# Photo Equipment and airplanes.. what to do?



## RMThompson (Apr 21, 2008)

Hey all, I am going to be flying on Wedensday for the first time in... well 8 years. That also means I'll be flying with my photo equipment for the first time. (Going to Atlanta for an interview and photoshoot!)

Anyway, I am wondering where my equipment is safer, with ME or in the belly of the plane with the luggage? I know I can only bring ONE carry-on, and I would like that to be a laptop computer, but then I am weary about leaving my equipment with the rest of my luggage.

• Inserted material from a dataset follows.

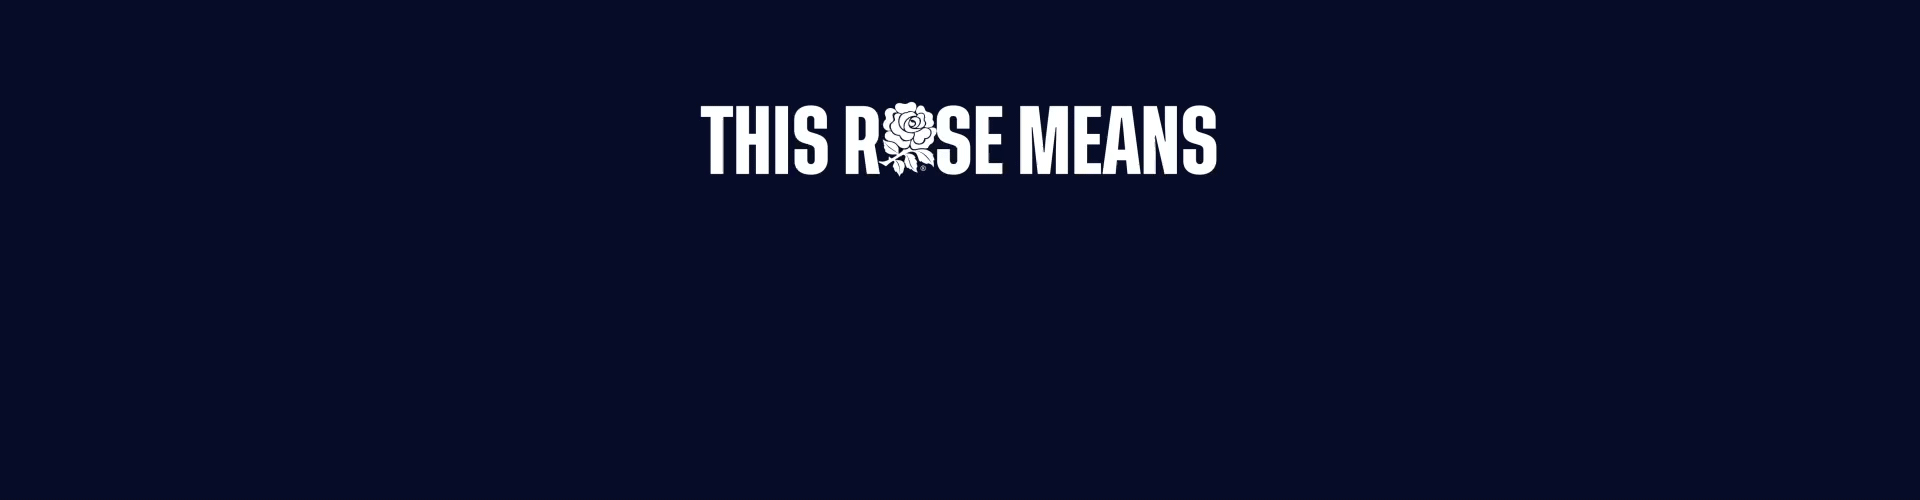 'THIS ROSE MEANS EVERYTHING' animated typography lock up in white

I have a lowepro bag I would put it in, and THEN inside of a suitcase, so it would be pretty secure. Hell, when its in teh lowepro Its pretty darn protected, I've been known to throw it on the couch! (I know I shouldn't do that)

Advice, fellow TPFers?


----------



## jlykins (Apr 21, 2008)

well you can bring one carry on, and one personal bag. In essence you can have two carry on's. The laptop bag is considered a personal bag.


----------



## RMThompson (Apr 21, 2008)

jlykins said:


> well you can bring one carry on, and one personal bag. In essence you can have two carry on's. The laptop bag is considered a personal bag.


 
Oh is that true?

I think I'll have to look it all up!


----------



## JimmyO (Apr 21, 2008)

Up to you really. Another reason to keep it with you is if somehow the checked lugage gets lost or ends up in England you will still have your equipment. How much gear do you have and which bag?


----------



## patrickt (Apr 21, 2008)

Of course. If anyone says anything explain it's your "purse". I use a small backpack that has a space for my laptop, will hold a half dozen lenses, and my miscellaneous stuff. My camera is usually worn.


----------



## Double H (Apr 21, 2008)

I flew to Arizona back in March, and I had my Slingshot 300 loaded pretty good. I kept it with me on the plane, I didn't want those gorillas "handling" my precious gear.


----------



## jlykins (Apr 21, 2008)

sorry I was too lazy to look it up earlier, here's what Delta has to say. Every flight I have ever taken I take my laptop bag, which is a large backpack, and another backpack/camera backpack.

*Carry-on Baggage*

You can carry on *one bag* plus *one personal item* per passenger as long as it:

Weighs less than 40 pounds (18 kg).
Does not exceed 45 inches when you total length plus width plus height.
Fits easily in our SizeCheck® unit (approximately 22"x14"x9").
Fits in an overhead bin or underneath the seat in front of you.
Here are some examples of personal items:

Male or female purse
Briefcase
Laptop computer (All laptop/computers must be carried aboard and cannot be checked. For information about Delta's battery-saving system for laptops, visit Connectivity)
Camera case
Diaper bag
Items of a similar or smaller size to those listed above, such as Portable Electronic Devices.
These additional items are okay to carry on and do not count towards your allowance:

Food items for immediate consumption
Assistive devices such as wheelchairs or crutches, provided passenger is dependent on them
One box or bag of duty free merchandise
A coat or jacket
An umbrella
One item of reading material


----------



## RMThompson (Apr 21, 2008)

jly, thanks a ton that was perfect.

I didn't know about the "personal item" so now I will bring both the computer AND the camera with me on the flight, and clothes will be checked!


----------



## Big Mike (Apr 21, 2008)

Michael Reichmann at The Luminous Landscape has some good travel tips on that site somewhere.
He's got some reviews of some good travel friendly camera bags.  One good tip that I remember, is to wear a photo vest.  That way, if they tell you that your camera bag is too big or too heavy, you can take some things out and put them in your vest.  As mentioned, you are allowed two bags (a personal and a carry-on) but you can also carry things on your person.
When it comes down to it, it all depends on the individual who is checking you through security...and their mood that day.


----------



## rmh159 (Apr 21, 2008)

I fly maybe twice a month and take a messanger bag for the PC and lowepro bag for the camera and have never been questioned.  I wouldn't worry about it all unless your camera bag is ginormous.


----------



## Antithesis (Apr 21, 2008)

On my last trip, I went on a total of like 11-12 different planes throughout the trip. Most flights on the non-budget airlines, your allowed one relatively normal sized bag and one personal item. There isn't much of a restriction on the size of the personal item, so I had a pretty small messenger bag and then a pelican 1500 with all my camera gear, laptop and anything else your worried about getting knocked around. It's an expensive way to go, but it's easy to flip open, grab your lappy out and send it through the x-ray machine. 

I used two caribiners through the lock holes and hooked a strap through them for a badass looking shoulder bag. I got a lot of looks from other passengers because the case looks like it's for carrying small arms, but a big scuba sticker on the side solves that problem.


----------